Kripke’s Big Shake-Up

For a long time, many philosophers thought that the a priori truths and the necessary truths were exactly the same set. If you could know something without looking, it had to be true in every possible world; if something was necessary, you could know it by reason alone. It was a neat, elegant picture.

Then Saul Kripke (1940–2022) and Hilary Putnam (1926–2016) shook that picture. Kripke noticed that ordinary names like “gold,” “water,” and “Mark Twain” work like rigid hooks. A rigid designator picks out the very same thing in every possible world. “Mark Twain” always refers to Samuel Clemens, even in worlds where he never writes a book. Likewise, “gold” always points to the element with atomic number 79, no matter what it looks like elsewhere.

Descriptions, by contrast, can be floppy. The phrase “the clear drinkable liquid in rivers” might pick out H₂O on Earth but a completely different substance (call it XYZ) on another planet. That description is non-rigid.

Now consider the sentence Water is H₂O. Because “water” is rigid, the sentence is necessary—in every possible world, water is H₂O. But we cannot know that by pure reasoning. We have to go out and test the clear liquid. So it is a necessary a posteriori truth. Similarly, Mark Twain is Samuel Clemens is necessary (both names rigidly pick out the same person), yet you might need historical evidence to learn it.

Kripke’s examples created a puzzle: how can necessity and a prioricity come apart?

Two Necessities or Two Meanings?

Philosophers split into two camps to solve the puzzle.

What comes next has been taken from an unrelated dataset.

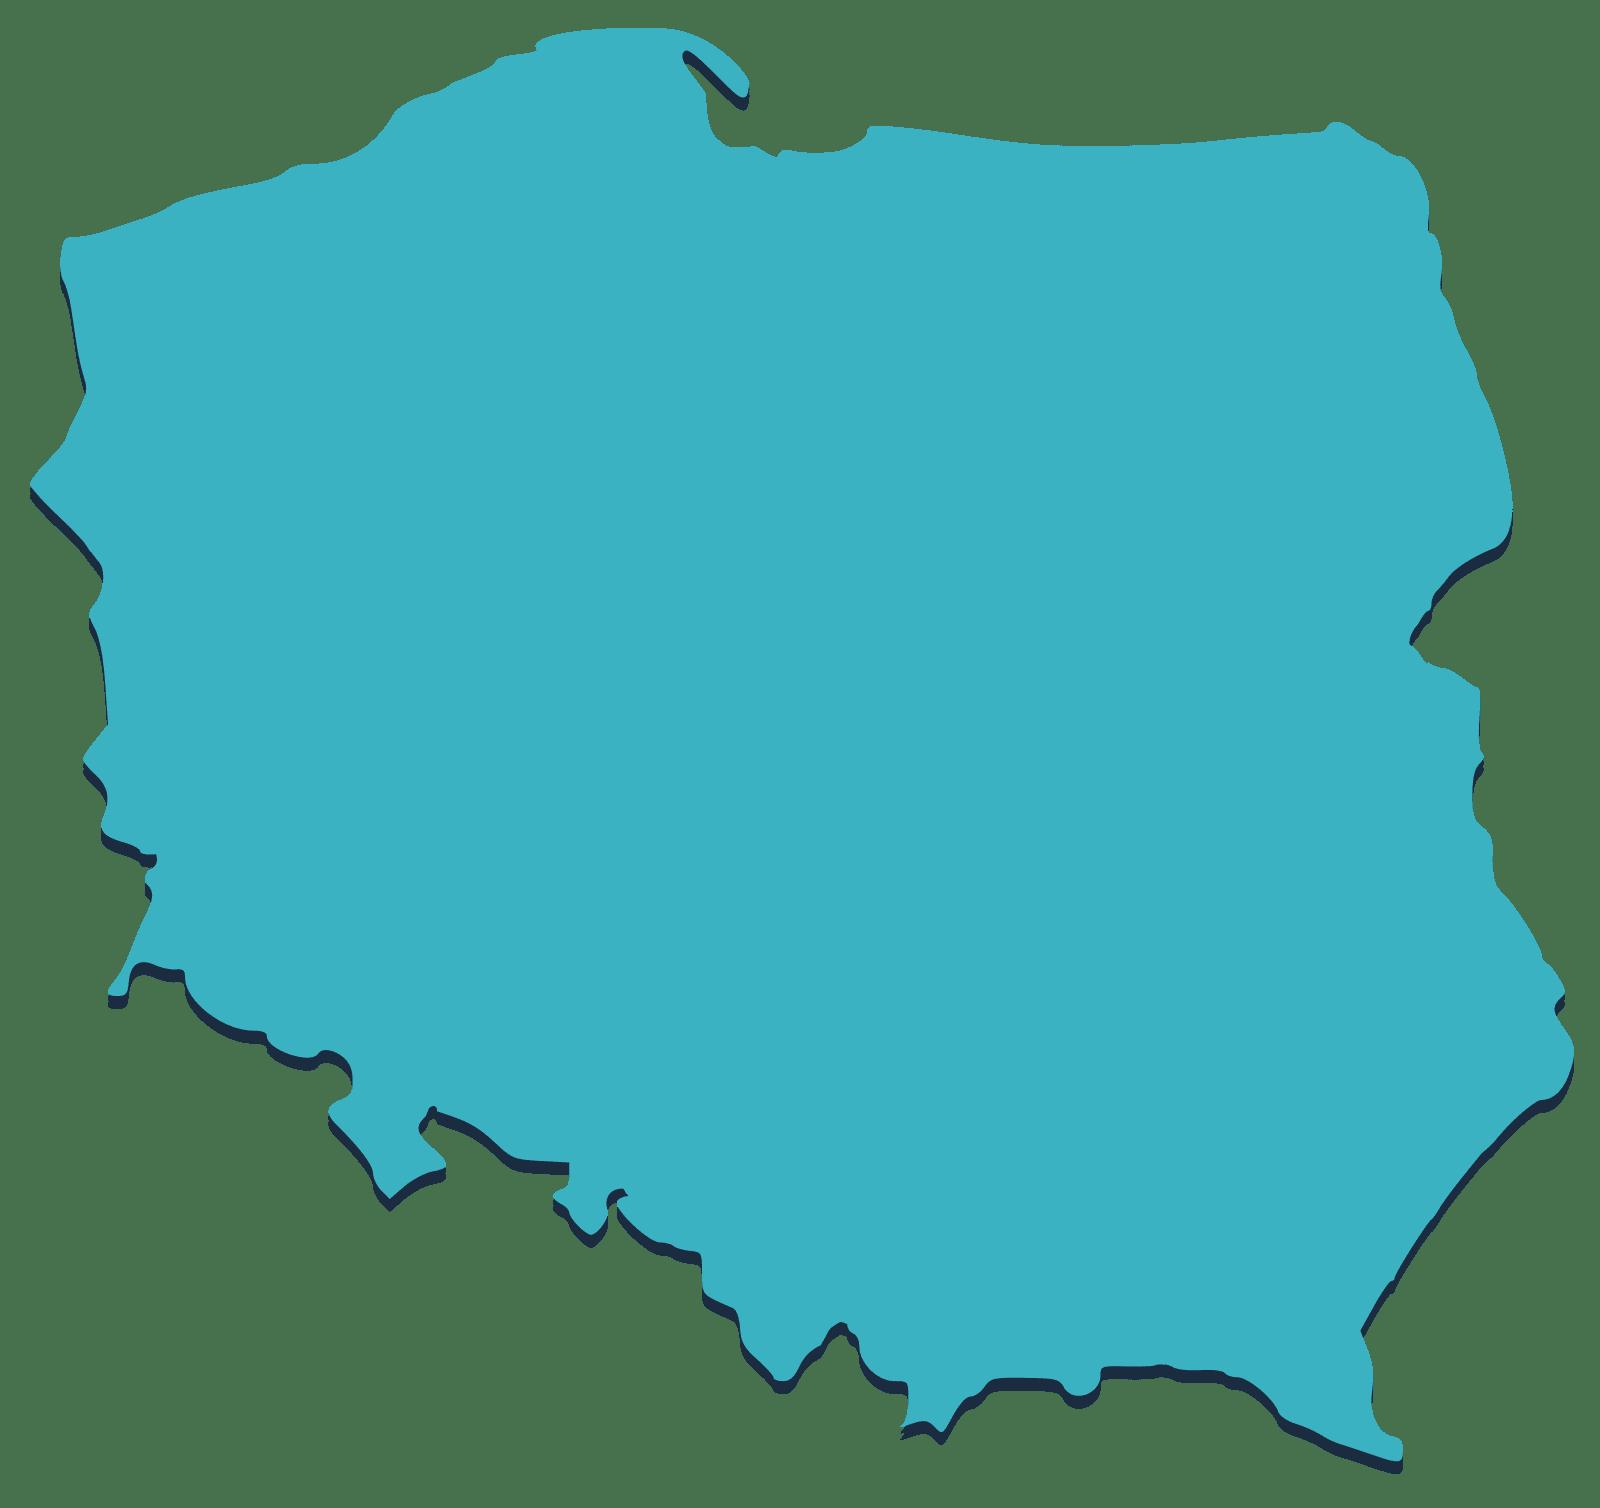 mapa polski, dotacje ogólnokrajowe

Some, the dualists, say there really are two different kinds of necessity. Metaphysical necessity is about the world itself: a truth is metaphysically necessary when it holds in every way the world genuinely could have been. Epistemic necessity is about what our reasoning can rule out: a truth is epistemically necessary when no amount of pure thinking could allow it to be false. Kit Fine (born 1946) suggests that metaphysical necessity flows from the very natures of things—being H₂O is part of what it is to be water, so water must be H₂O in all metaphysically possible worlds. But before we do chemistry, we cannot rule out a world where the watery stuff has a different atomic number, so such a world is still epistemically possible. Thus the set of epistemically possible worlds is larger.

Other philosophers, the monists, argue we do not need two kinds of necessity. There is only one space of possible worlds: the metaphysically possible ones. The appearance of a split comes from the fact that a single sentence can express two different propositions, depending on how we ask the question “Is this sentence true in world w?”

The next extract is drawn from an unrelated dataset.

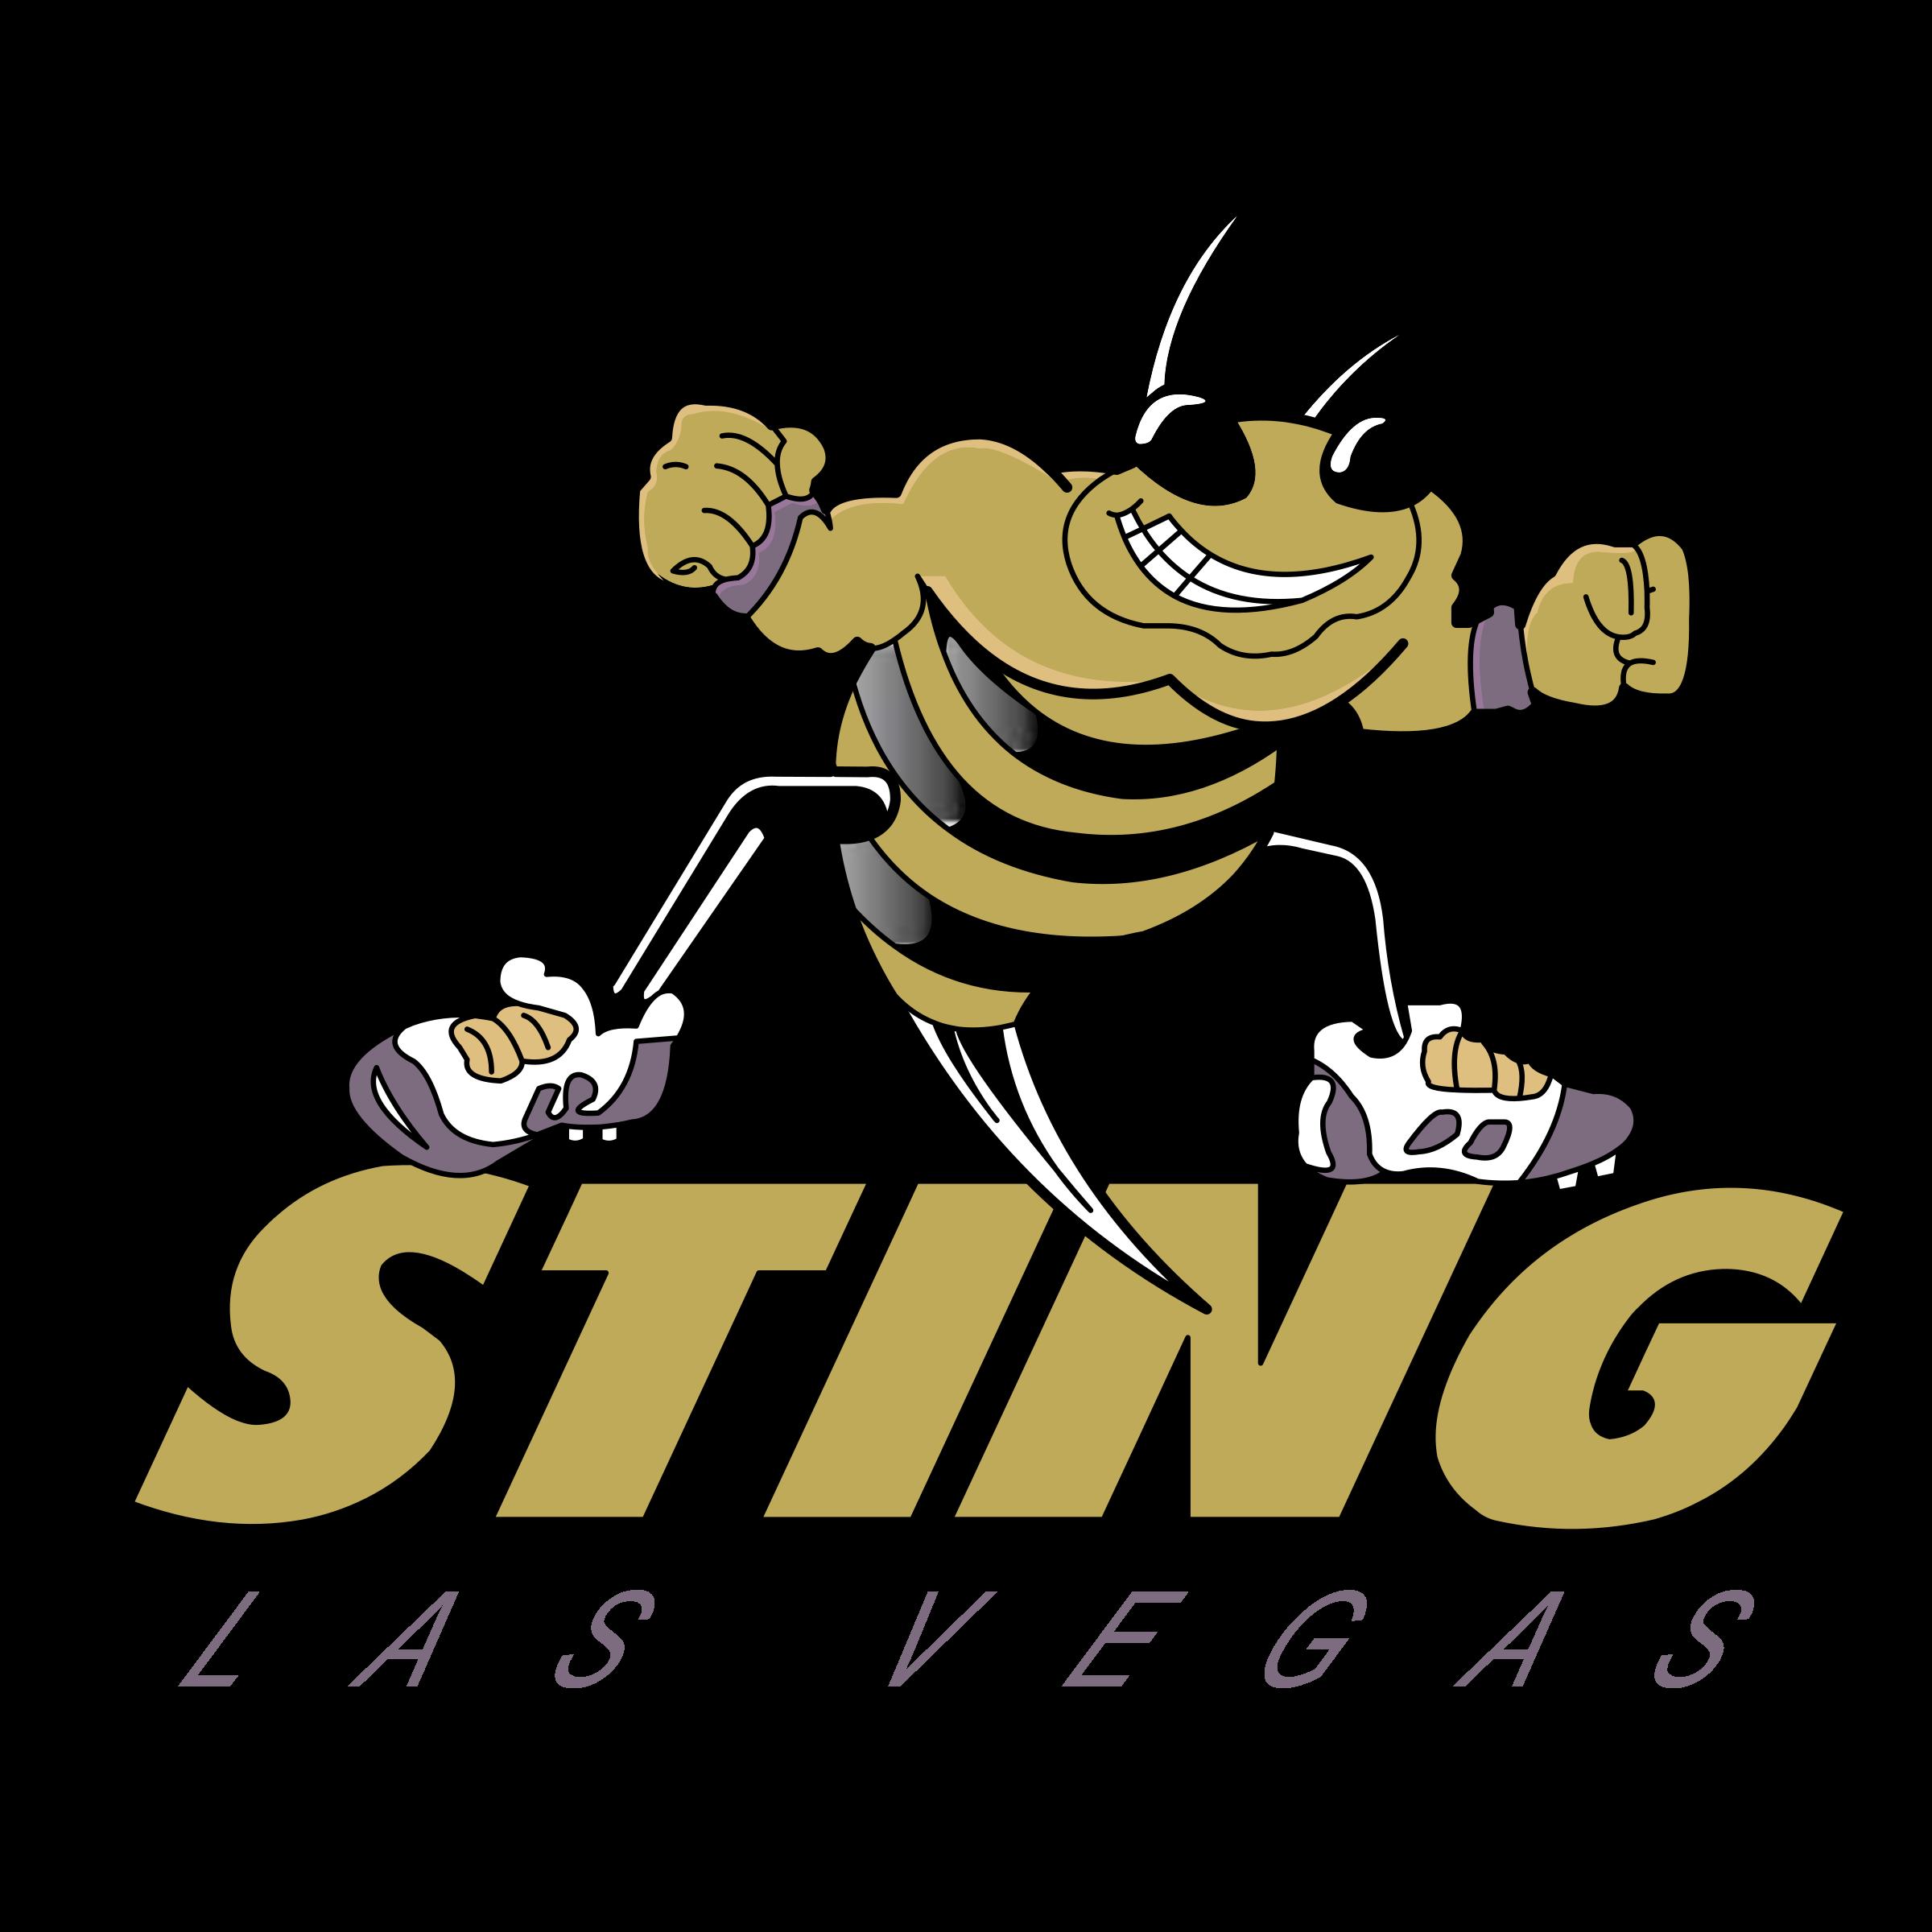 Sting logo png transparent. Las vegas clipart sketch

David Chalmers (born 1966) and Frank Jackson (born 1943) built a tool called two-dimensional semantics. Imagine a world where the clear drinkable liquid is XYZ. Now ask: if that world were actual—if that was the real world—would “Water is H₂O” be true? No, because the liquid there isn’t H₂O. That gives us the sentence’s primary intension, which tracks what we can know a priori; its primary intension is contingent. But ask a different question: given that in the actual world water is H₂O, if that XYZ-world had been the case, would water be H₂O there? Yes—because “water” rigidly refers to H₂O, so in any counterfactual scenario, water is H₂O. That gives us the secondary intension, which is necessary.

So one sentence has two intensions: a contingent primary one (tied to epistemic possibility) and a necessary secondary one (tied to metaphysical necessity). The monist says this explains all the Kripkean data without inventing two distinct modal realms.

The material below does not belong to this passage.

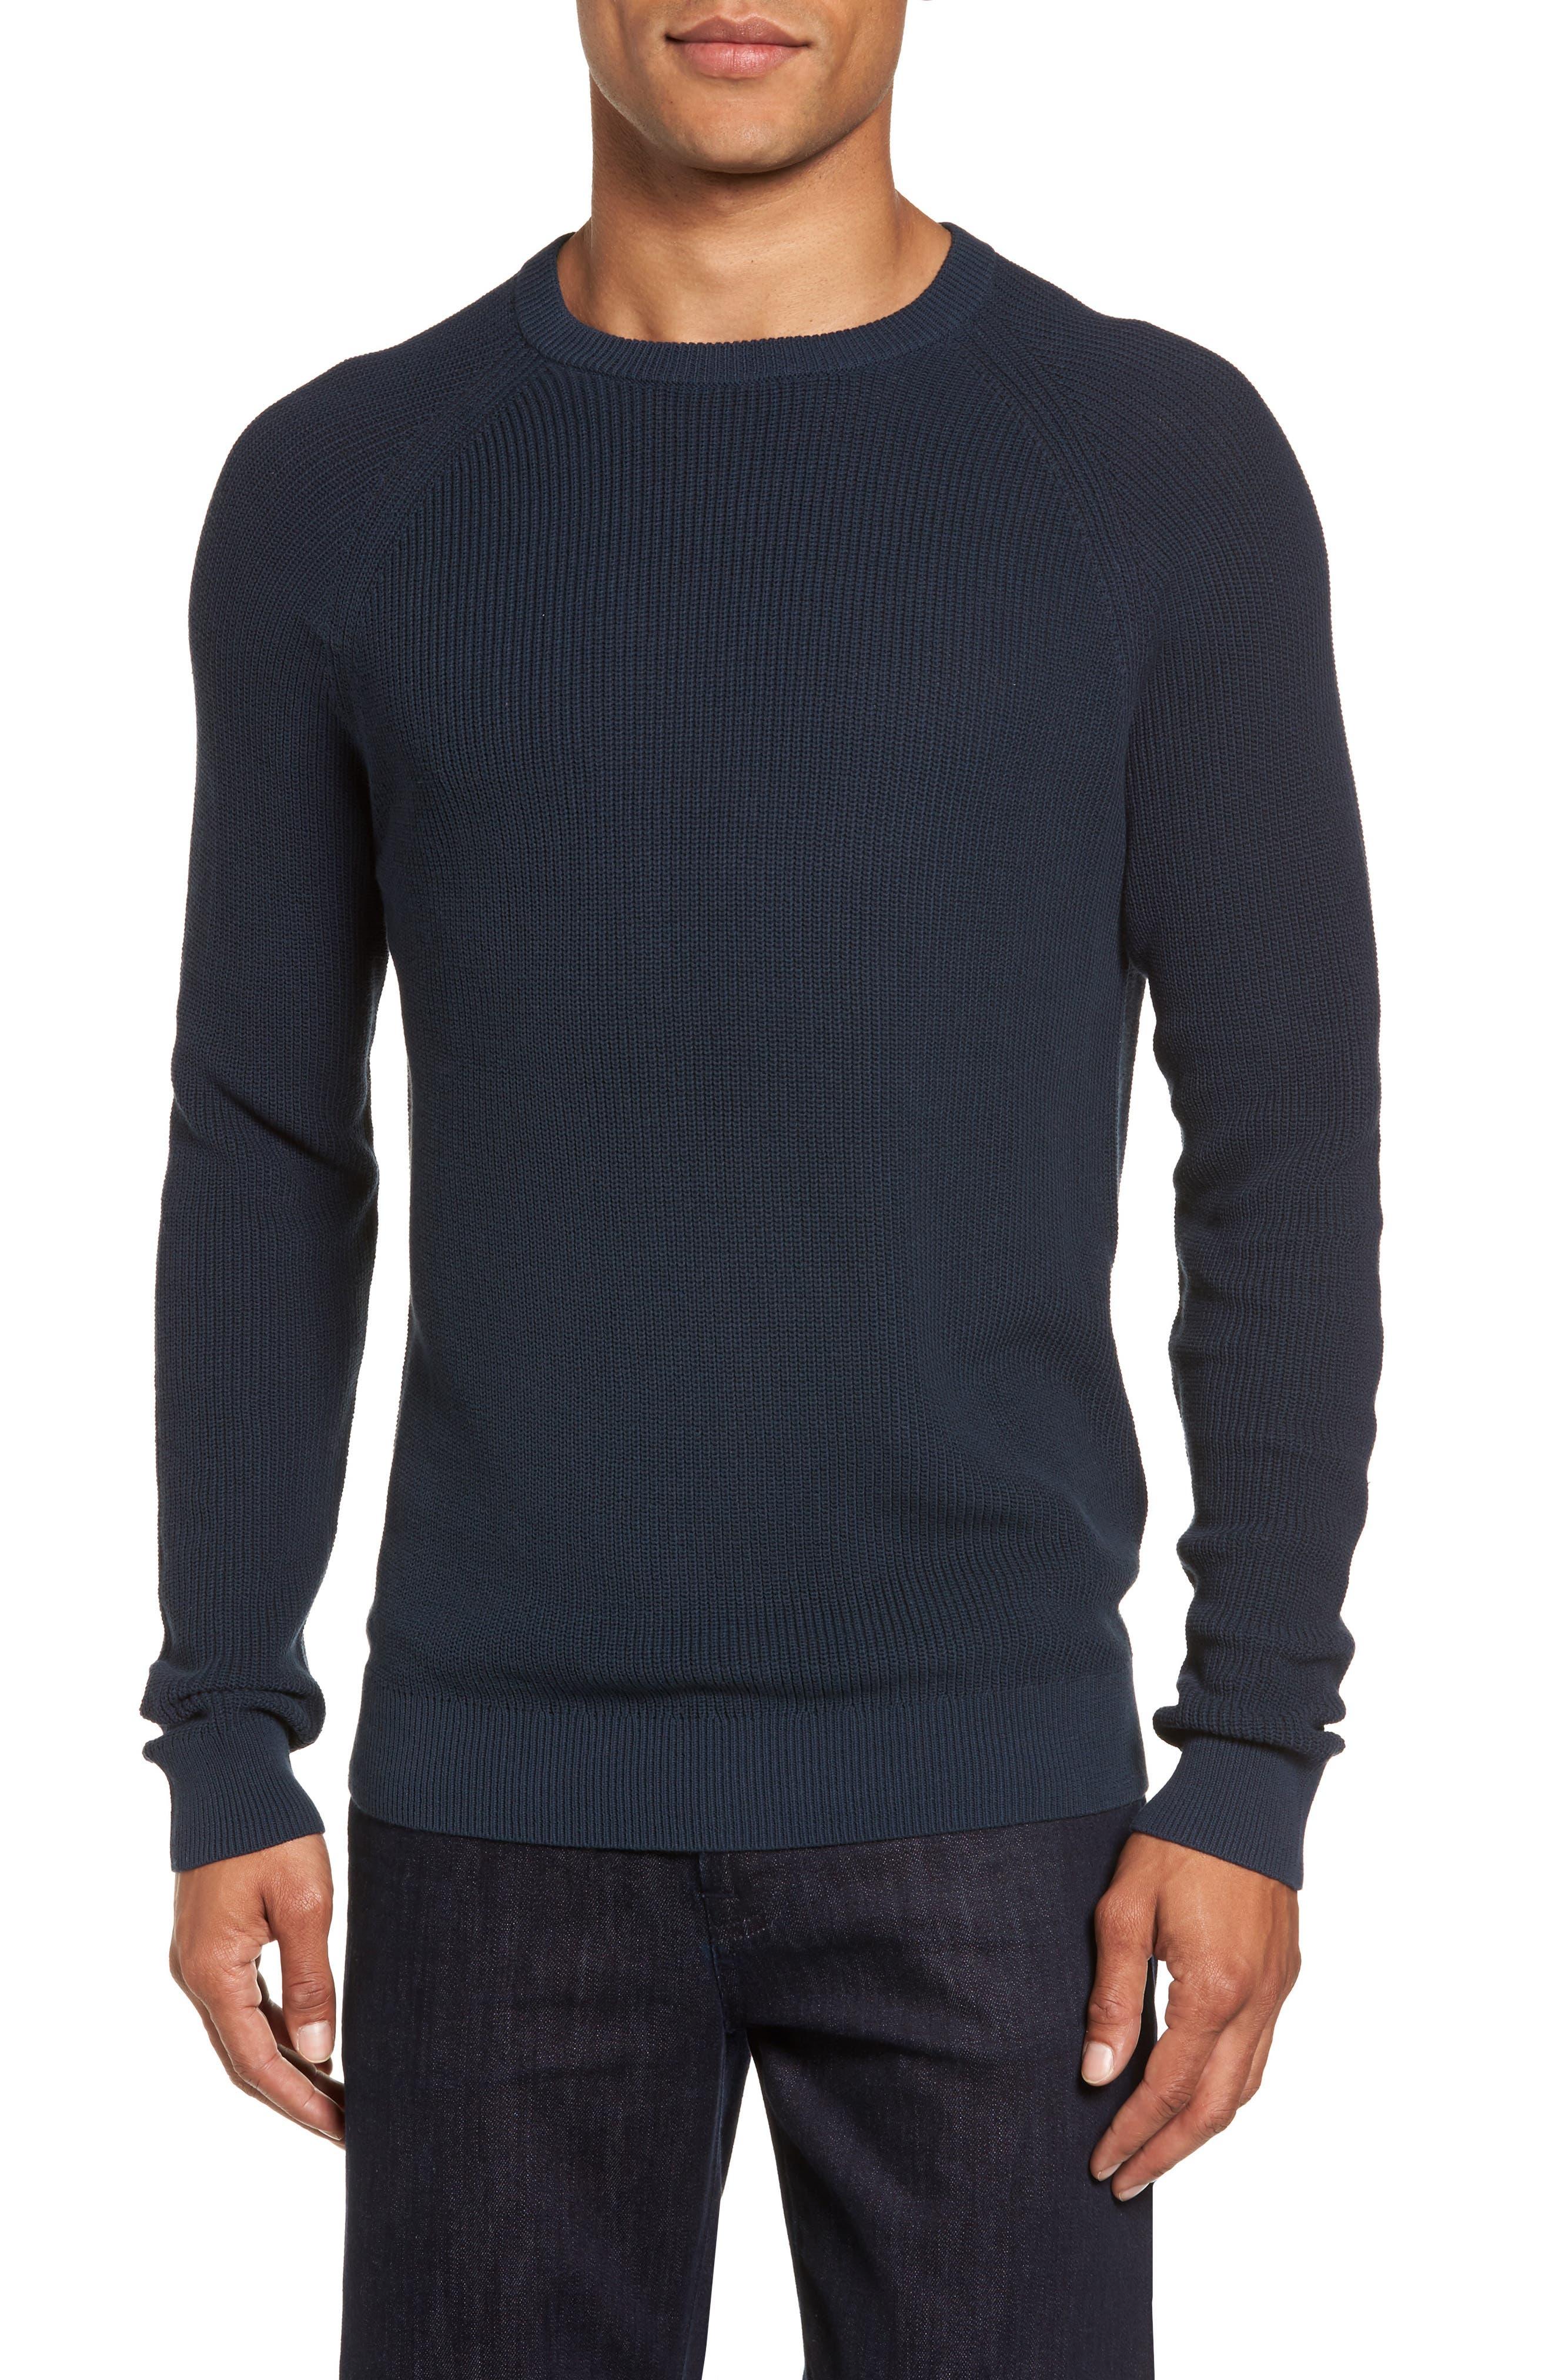 NORDSTROM MENS SHOP Crewneck Sweater

Both camps have lively replies. Dualists worry that monism buys metaphysical simplicity by making the theory of meaning more complicated. Monists reply that two-dimensional semantics can be motivated independently and that postulating two kinds of necessity is extravagant. The debate remains open.

Why It Matters When You Argue About “What If”

Every day you dip into these ideas without realising it. When you say, “If I had practised, I would have won,” you are considering a possible world where you practised, and you expect that world is close enough to be relevant. That is a bit of metaphysical modal thinking. When you insist, “The thief must be the butler; the footprints prove it,” you use epistemic necessity—given what you know, no other possibility is left open.

The puzzle of the necessary a posteriori teaches us that imagination is not a perfect guide to reality. You can picture a shiny yellow metal that behaves exactly like gold but has 78 protons, yet that metal would not be gold. So picturing a situation does not guarantee it is genuinely possible. Likewise, the contingent a priori reminds us that some things you can know without looking might still have been false—they rest on how you set up your words, not on the deep structure of the universe.

Philosophers continue to argue about the architecture of possibility because it shapes how we understand science, knowledge, and even ordinary talk. Next time you wonder whether something had to be true, or whether you can know it from your armchair, you are walking right into the middle of this centuries-old conversation.

Think about it

1. Imagine you discover a distant planet where the clear liquid in rivers looks, tastes, and flows exactly like water but is made of a chemical called XYZ. Would you call it water? Why might some philosophers say no, even if it quenches thirst the same way?
2. You find a strange shiny rock in the backyard and decide to name the metal inside it “Zorblax.” You declare, “If Zorblax exists, it has whatever property made me call it Zorblax.” Do you know that statement for sure without testing anything? If you later learn the metal is plain iron, were you wrong?
3. Think of a time you were absolutely sure something had to be true because you could not imagine it being false—like “my friend would never lie.” Could it still turn out to be false, even if your imagination couldn’t picture it? How does this connect to the difference between what is imaginable and what is possible?